ChaosEngineAI includes a full local image generation pipeline powered by Hugging Face Diffusers.
| Model | Provider | Speed | Resolution |
|---|---|---|---|
| FLUX.1 Schnell | Black Forest Labs | ~4s | 1024x1024 |
| FLUX.1 Dev | Black Forest Labs | ~7s | 1024x1024 |
| Stable Diffusion 3.5 Medium | Stability AI | ~6s | 1024x1024 |
| SD 3.5 Large Turbo | Stability AI | ~2s | 1024x1024 |
Discover and download models from the Image Discover tab, generate from prompts in Image Studio with aspect ratio, quality presets, negative prompts, and seed control, then browse and reuse outputs in Image Gallery.
Releases are tag-driven.
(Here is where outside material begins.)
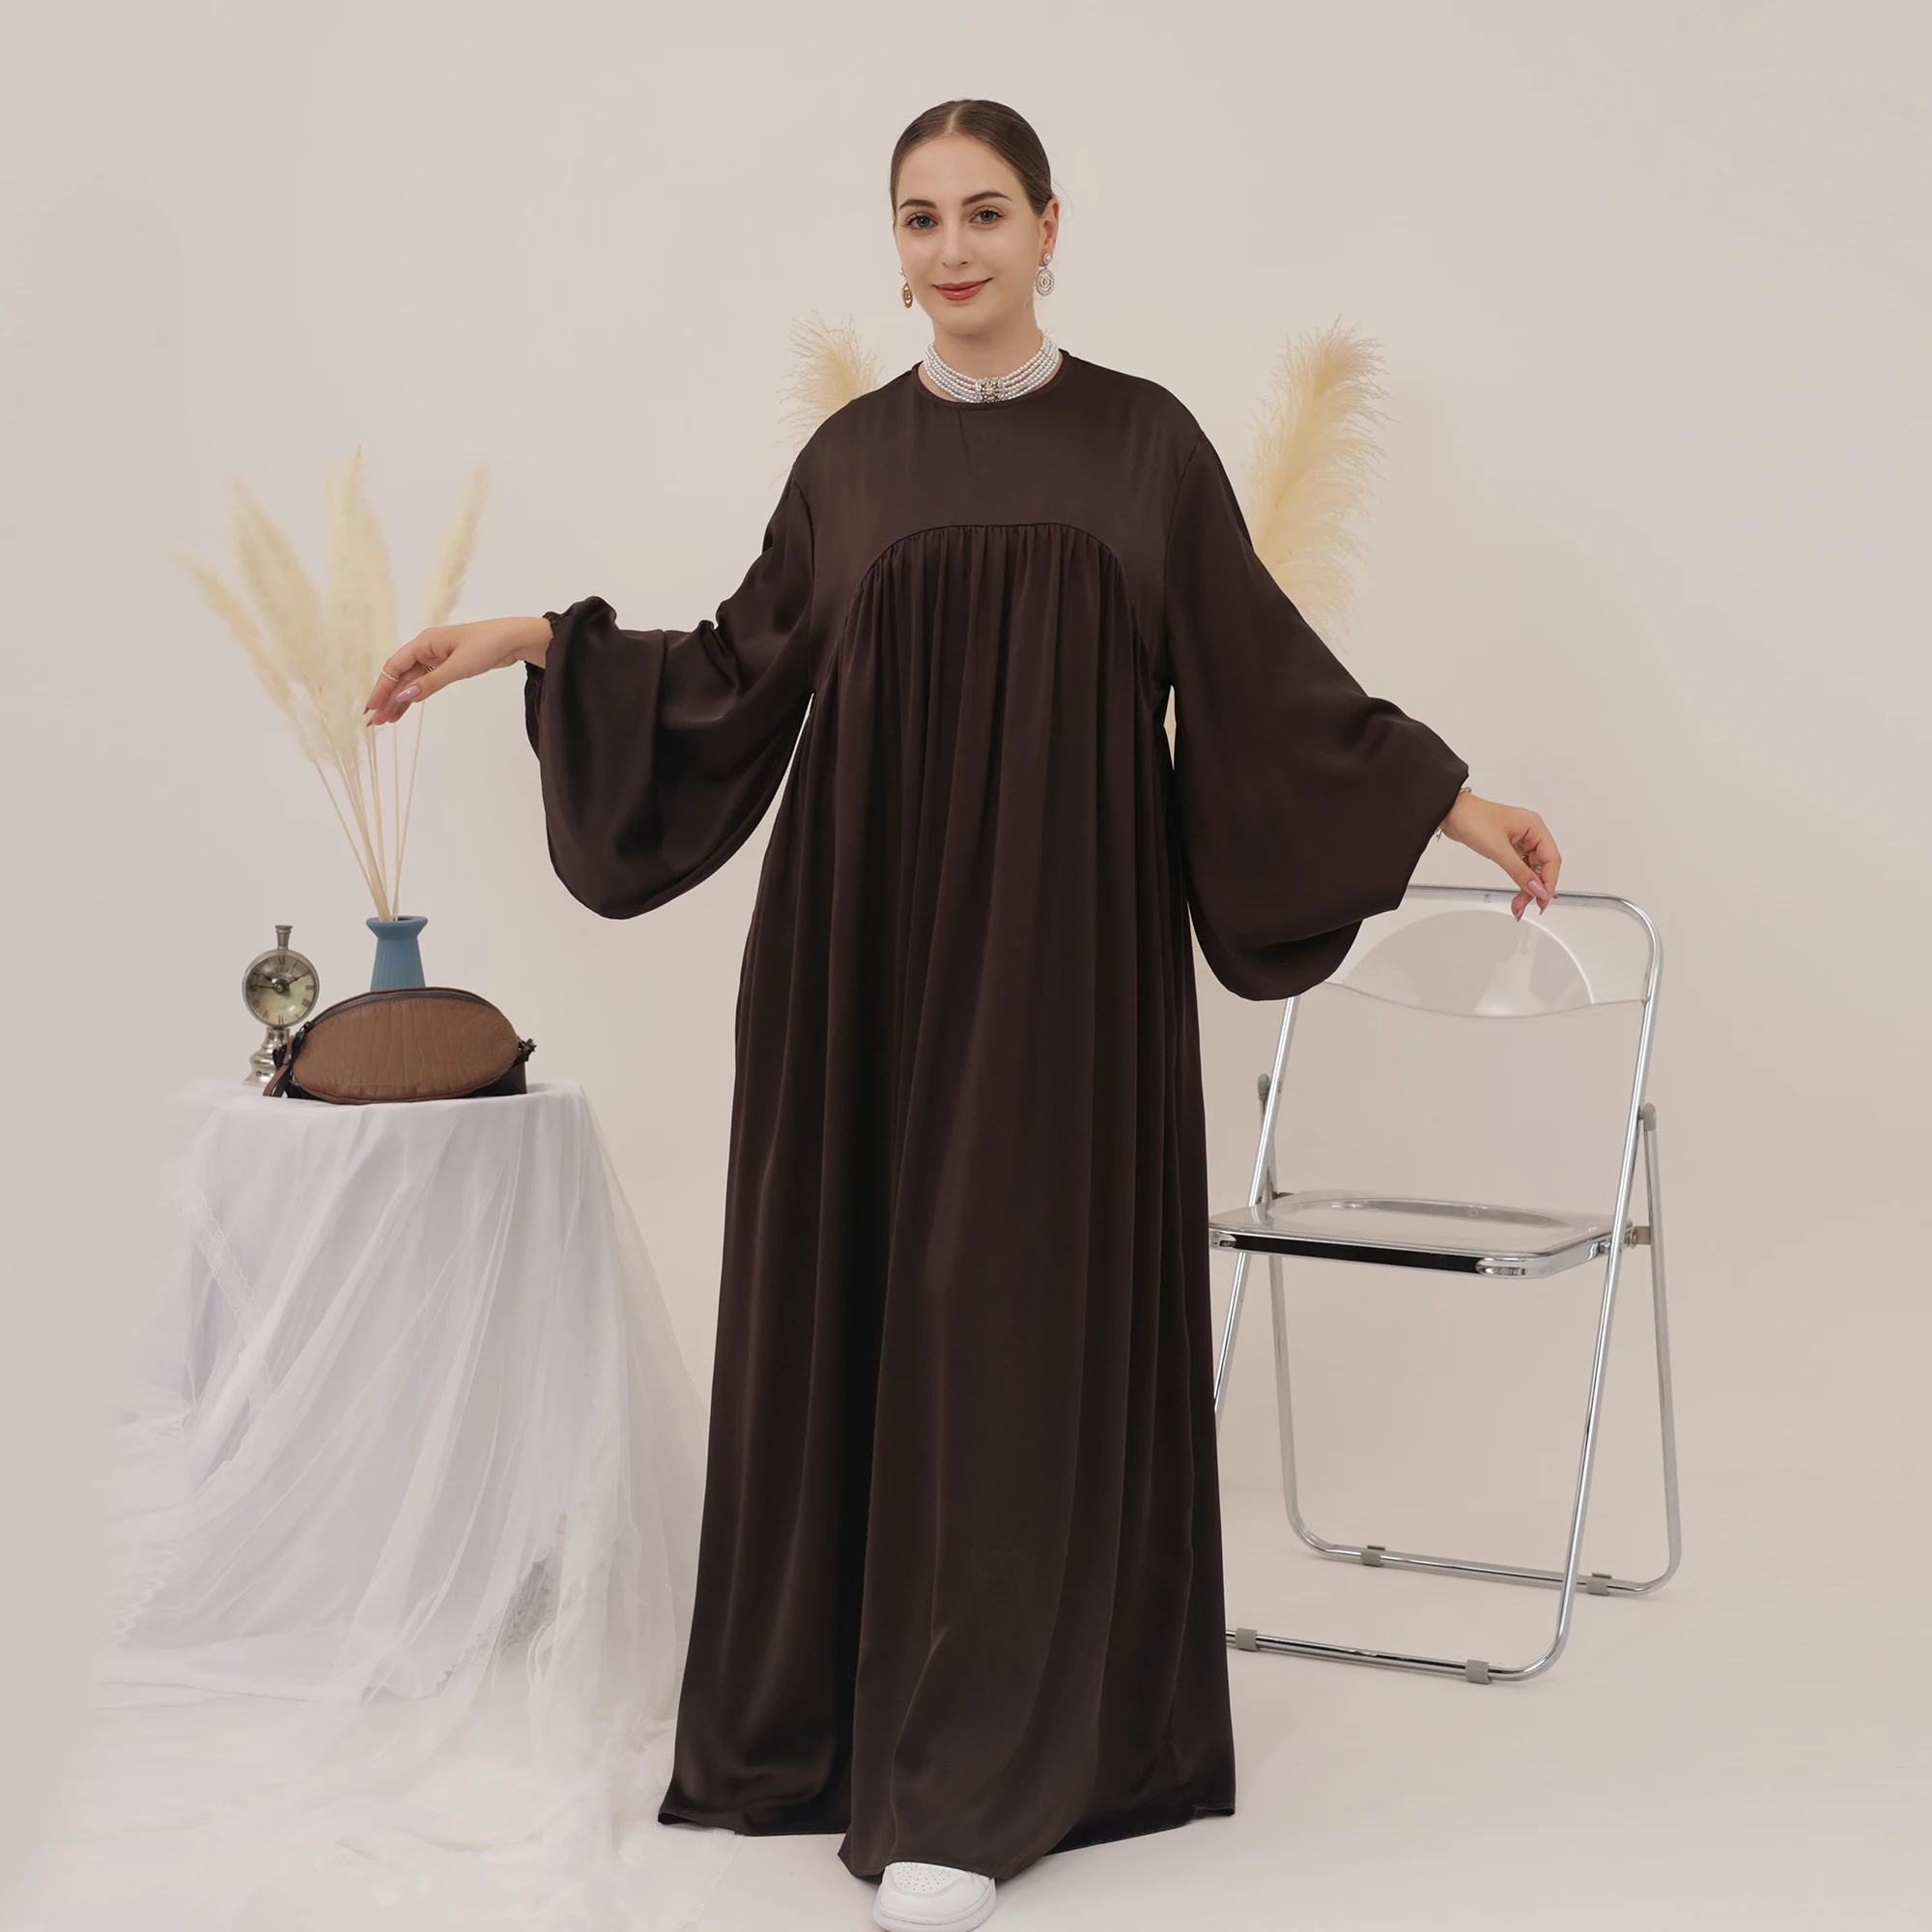 Shimmer Abaya Muslim Dress Loose Style Bishop Sleeves Islam Clothing Casual Women Dubai Hijabi Robe Ramadan Eid Kaftan(No Scarf)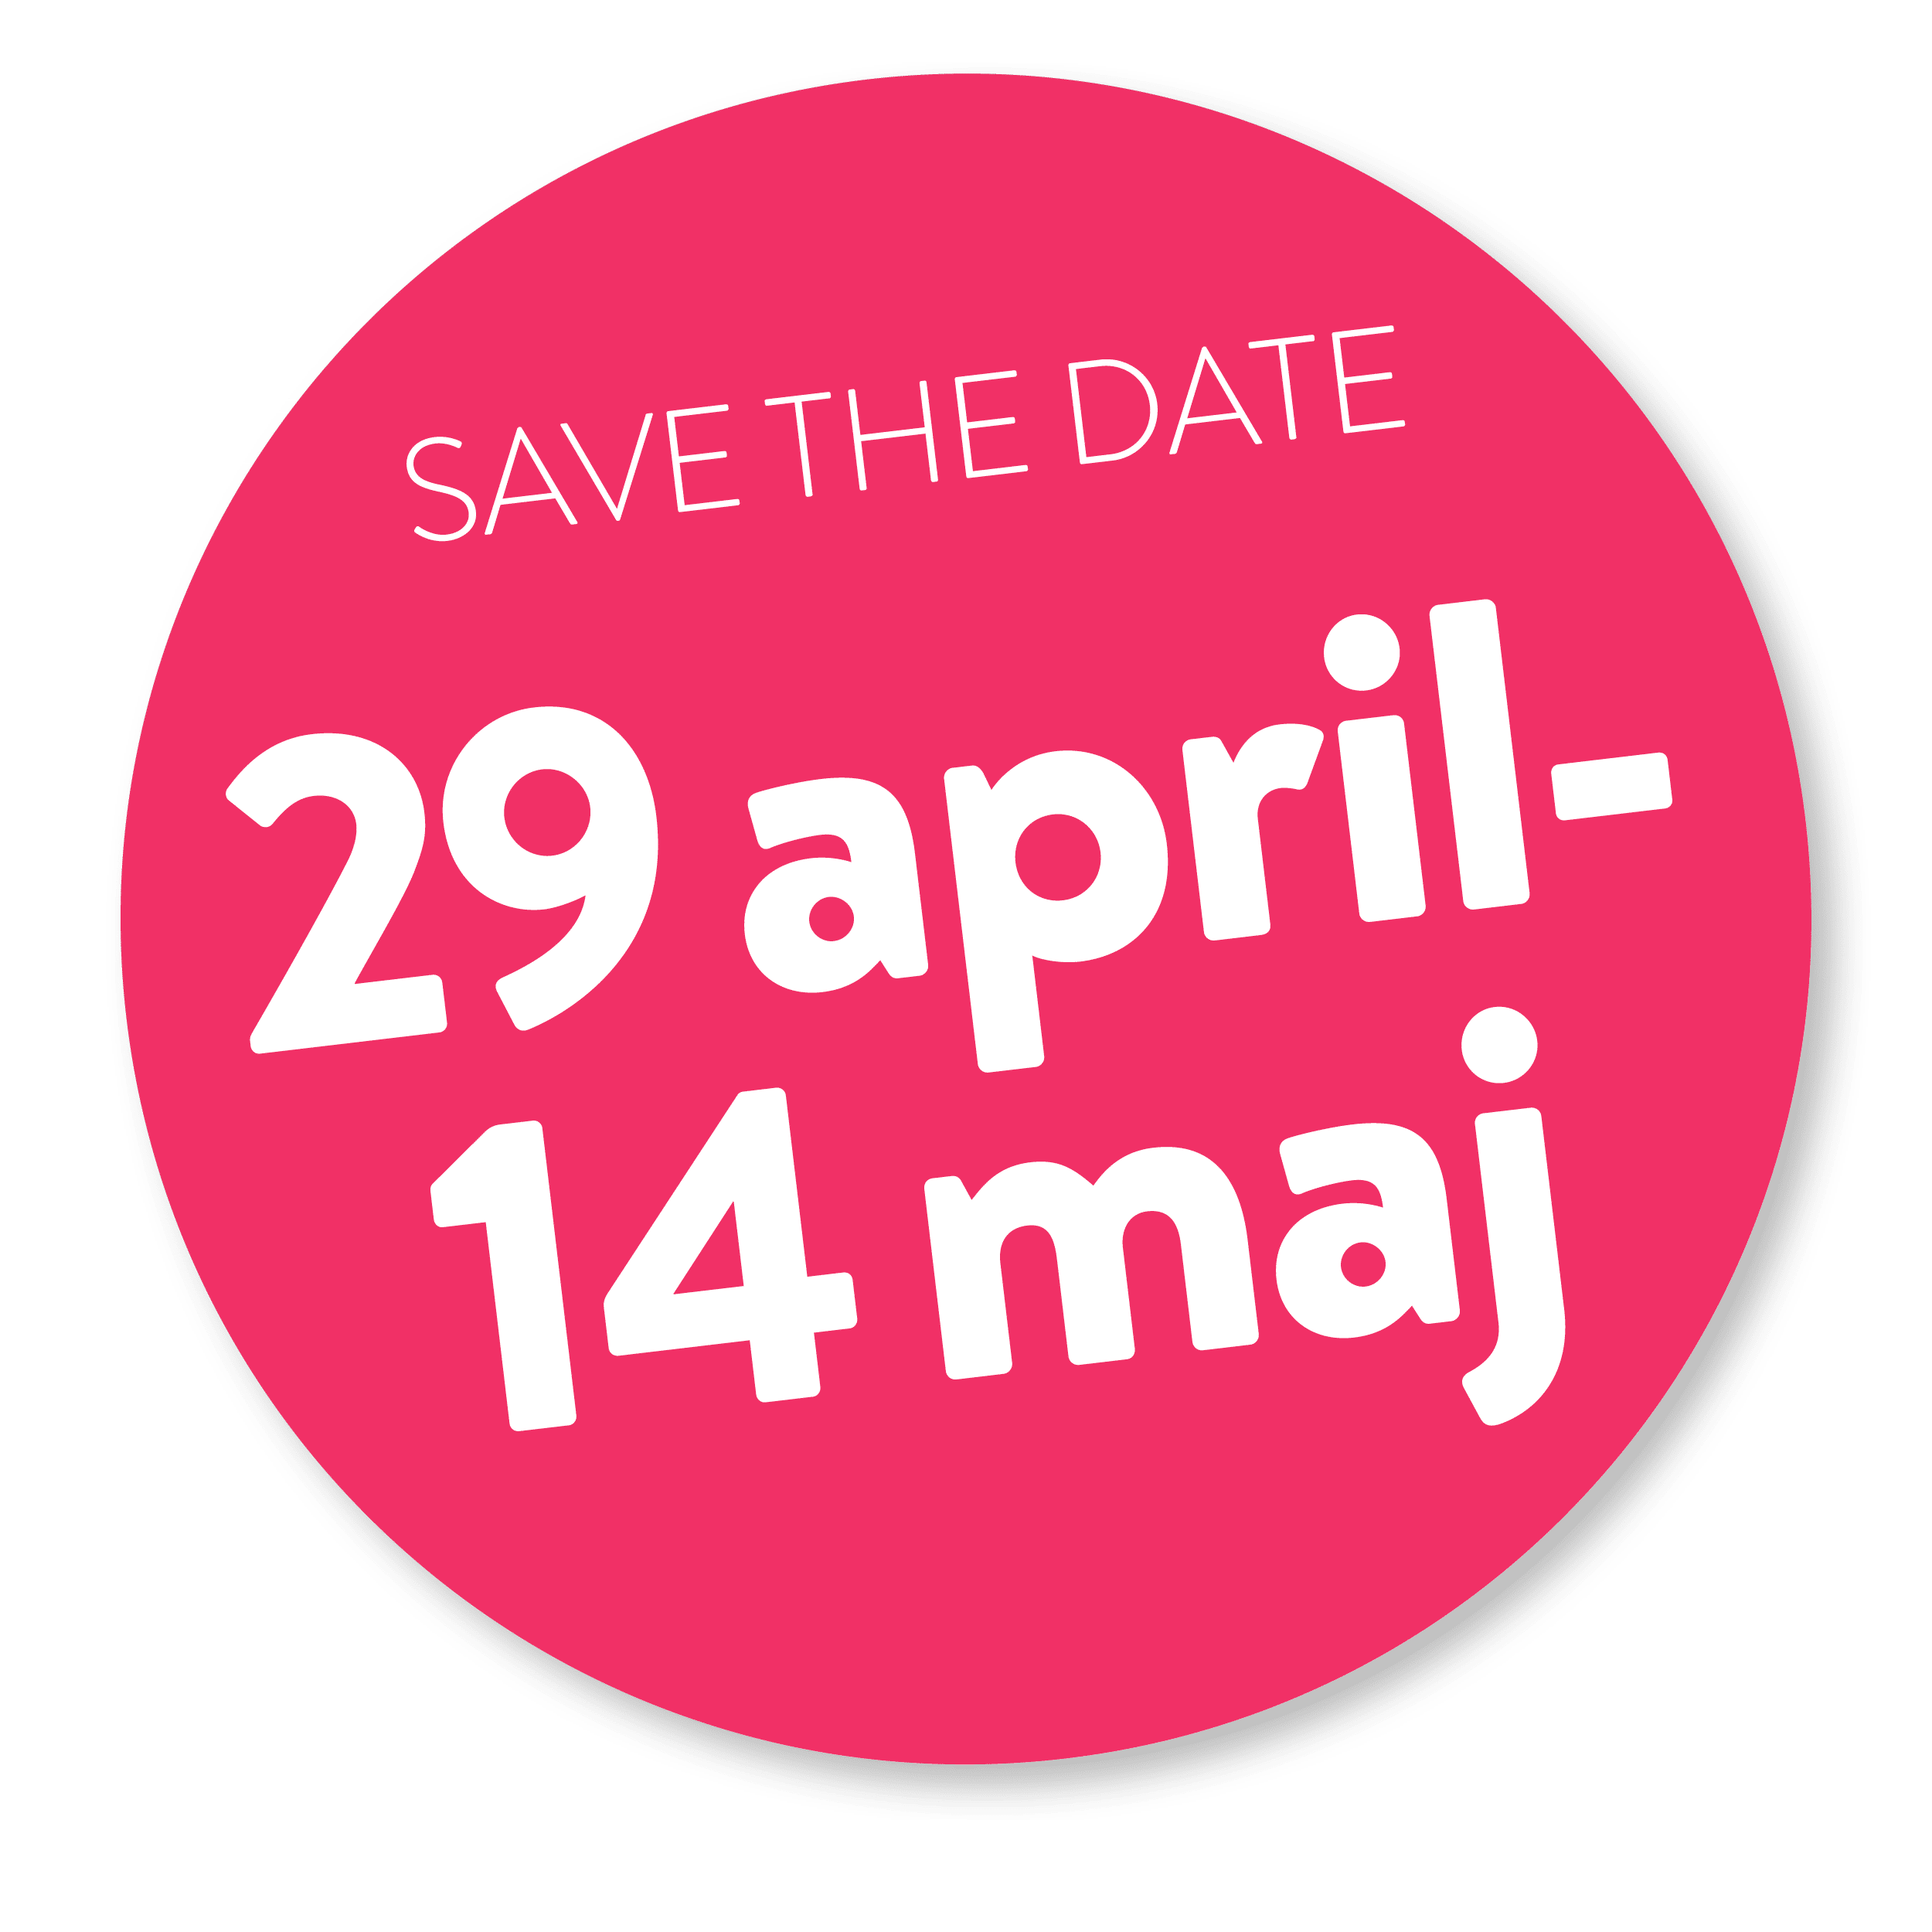 save the date 29 apr - 14 maj

Push vX.Y.Z and the GitHub Actions release workflow builds signed bundles for macOS, Linux, and Windows in parallel, generates the latest.json updater manifest, and stages a draft release.
# locally, if you want to cut a build by hand:
npm run stage:runtime:release
npm run tauri:buildRelease artifacts land in src-tauri/target/release/bundle/.
For an unsigned local macOS app + DMG without Apple signing/notarization or Tauri updater signing configured:
npm run release:macos -- --skip-sign --skip-notarizeThat writes the local app + DMG to releases/macos/.
ChaosEngineAI/
├── src/ React UI (App.tsx is the workspace shell)
├── src-tauri/ Tauri Rust shell + bundled runtime
├── scripts/ Build, release + runtime staging scripts
├── backend_service/ Python backend (engine adapters + HTTP server)
├── compression/ Pluggable cache/compression strategy adapters
├── dflash/ DFlash/DDTree speculative decoding integration
├── vendor/ChaosEngine/ ChaosEngine compression (git submodule)
├── tests/ Backend integration tests
├── Screenshots/ UI screenshots used by this README
├── docs/ Tour GIF + supporting docs
└── ChaosEngineAI_AppIcon.svg
ChaosEngineAI is currently distributed under the Apache-2.0 license. See LICENSE.
See THIRD_PARTY_NOTICES.md for optional third-party dependency notes.
Built on the shoulders of llama.cpp, Apple MLX, Tauri, and the broader open-weights community.